»»
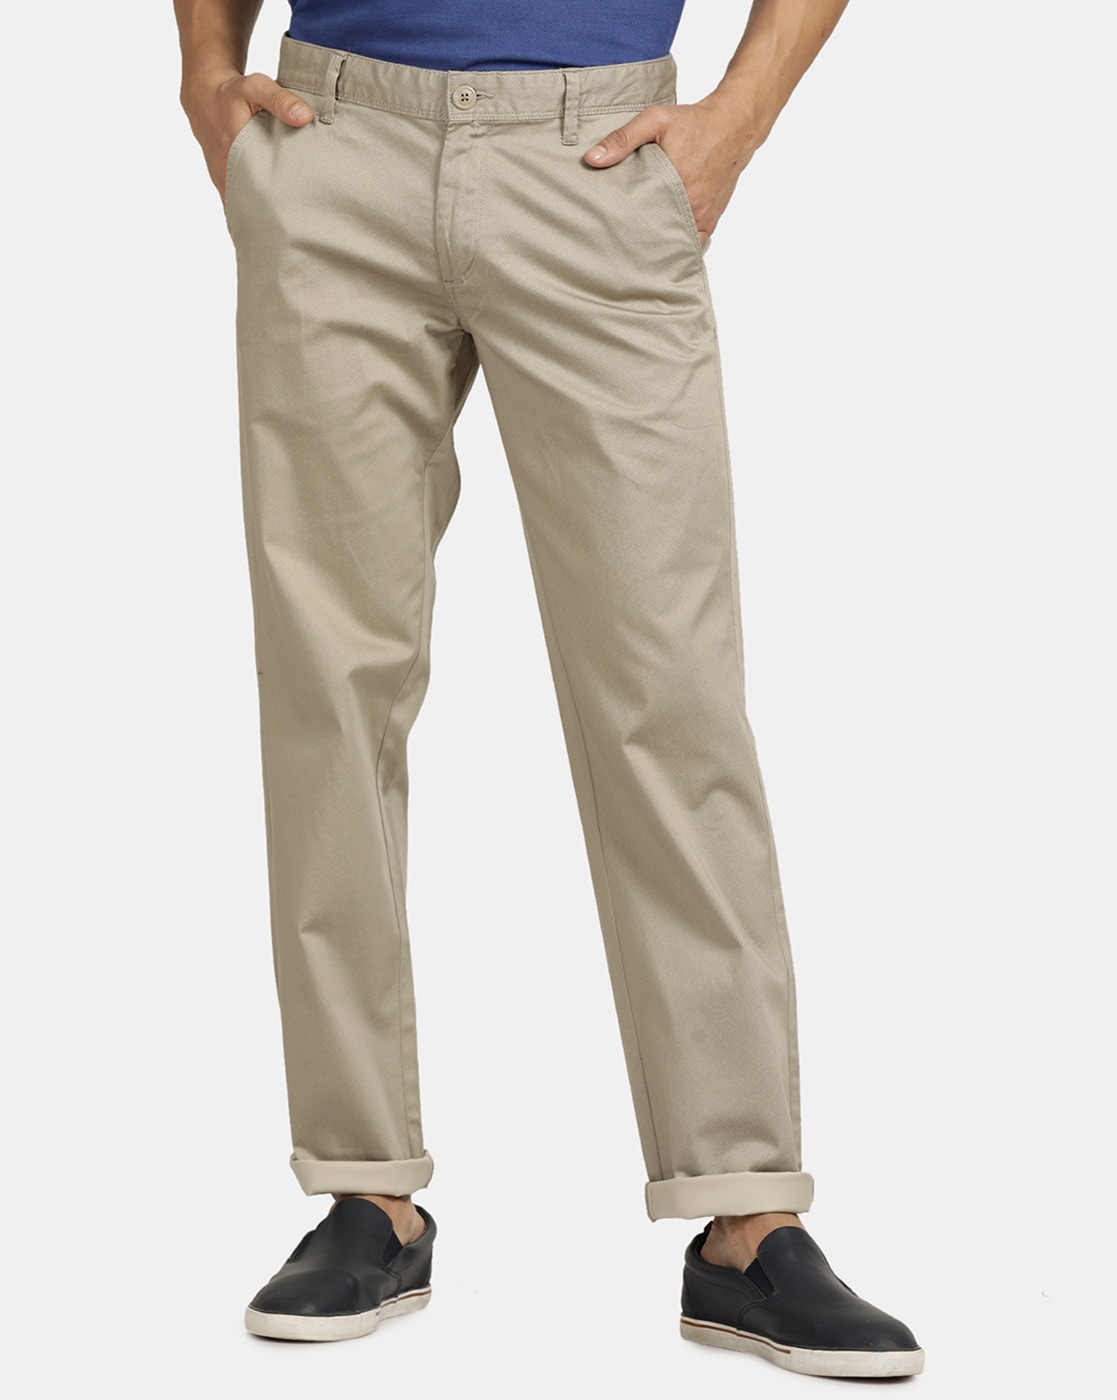 Buy FlatFront Trousers with Slant Pockets Online at Best Prices in India   JioMart
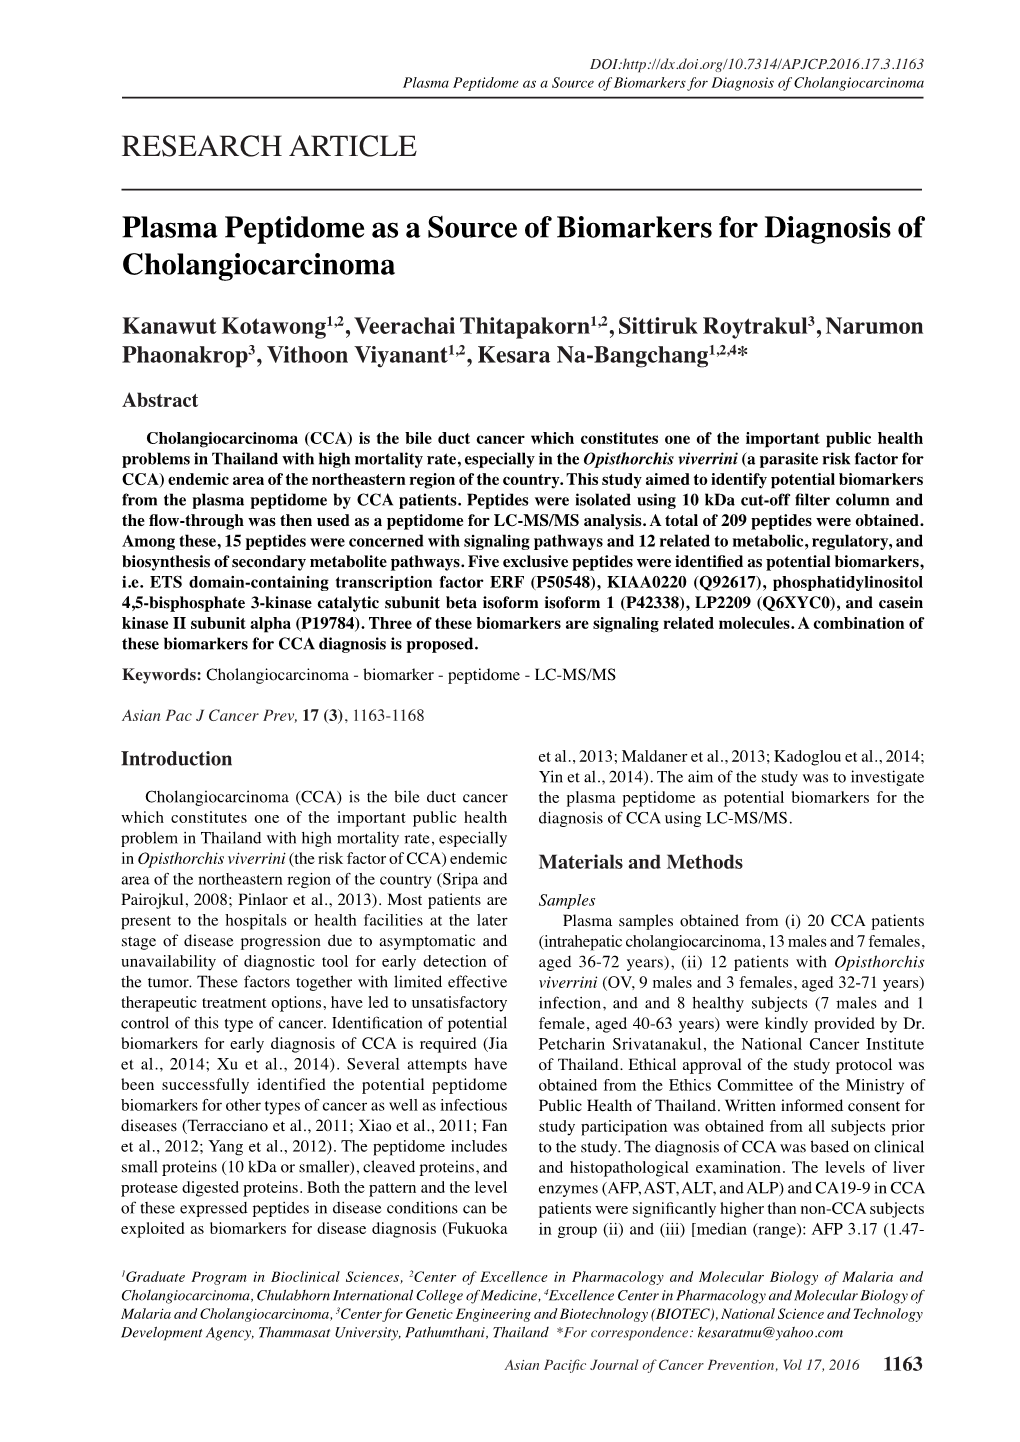 Plasma Peptidome As a Source of Biomarkers for Diagnosis of Cholangiocarcinoma
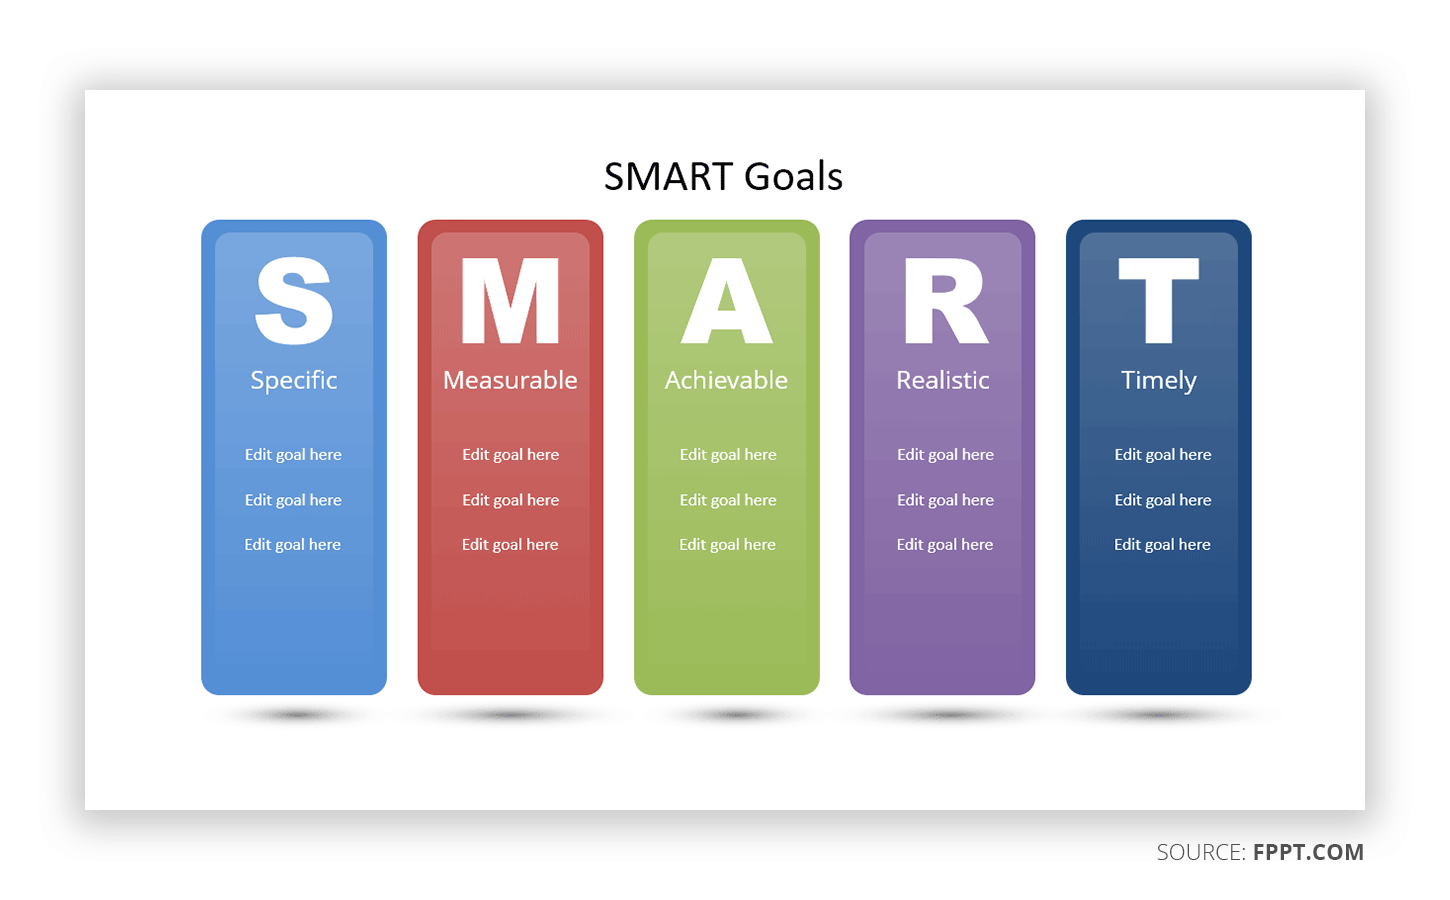 What are SMART Goals and How to Use Them
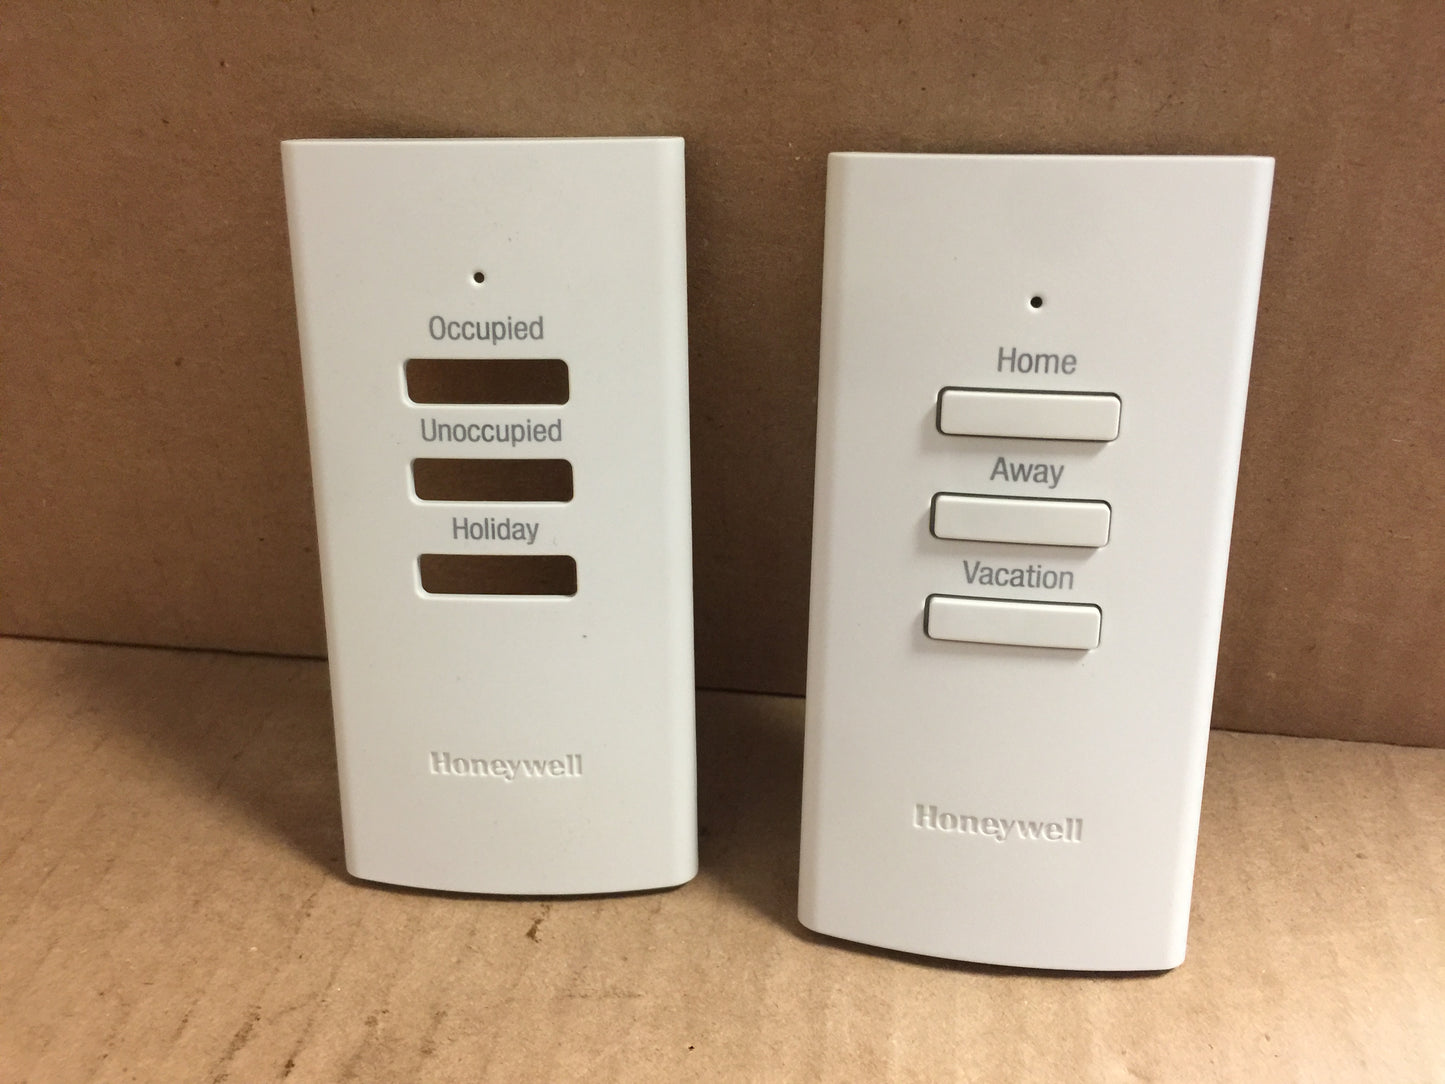 WIRELESS ENTRY/EXIT REMOTE FOR HONEYWELL REDLINK ENABLED SYSTEMS
««
● **Exercise prompt**:
For this exercise, transcribe the data exactly but without its pictures.

● **Solution below**:
 Buy FlatFront Trousers with Slant Pockets Online at Best Prices in India   JioMart
 Plasma Peptidome As a Source of Biomarkers for Diagnosis of Cholangiocarcinoma
 What are SMART Goals and How to Use Them
 WIRELESS ENTRY/EXIT REMOTE FOR HONEYWELL REDLINK ENABLED SYSTEMS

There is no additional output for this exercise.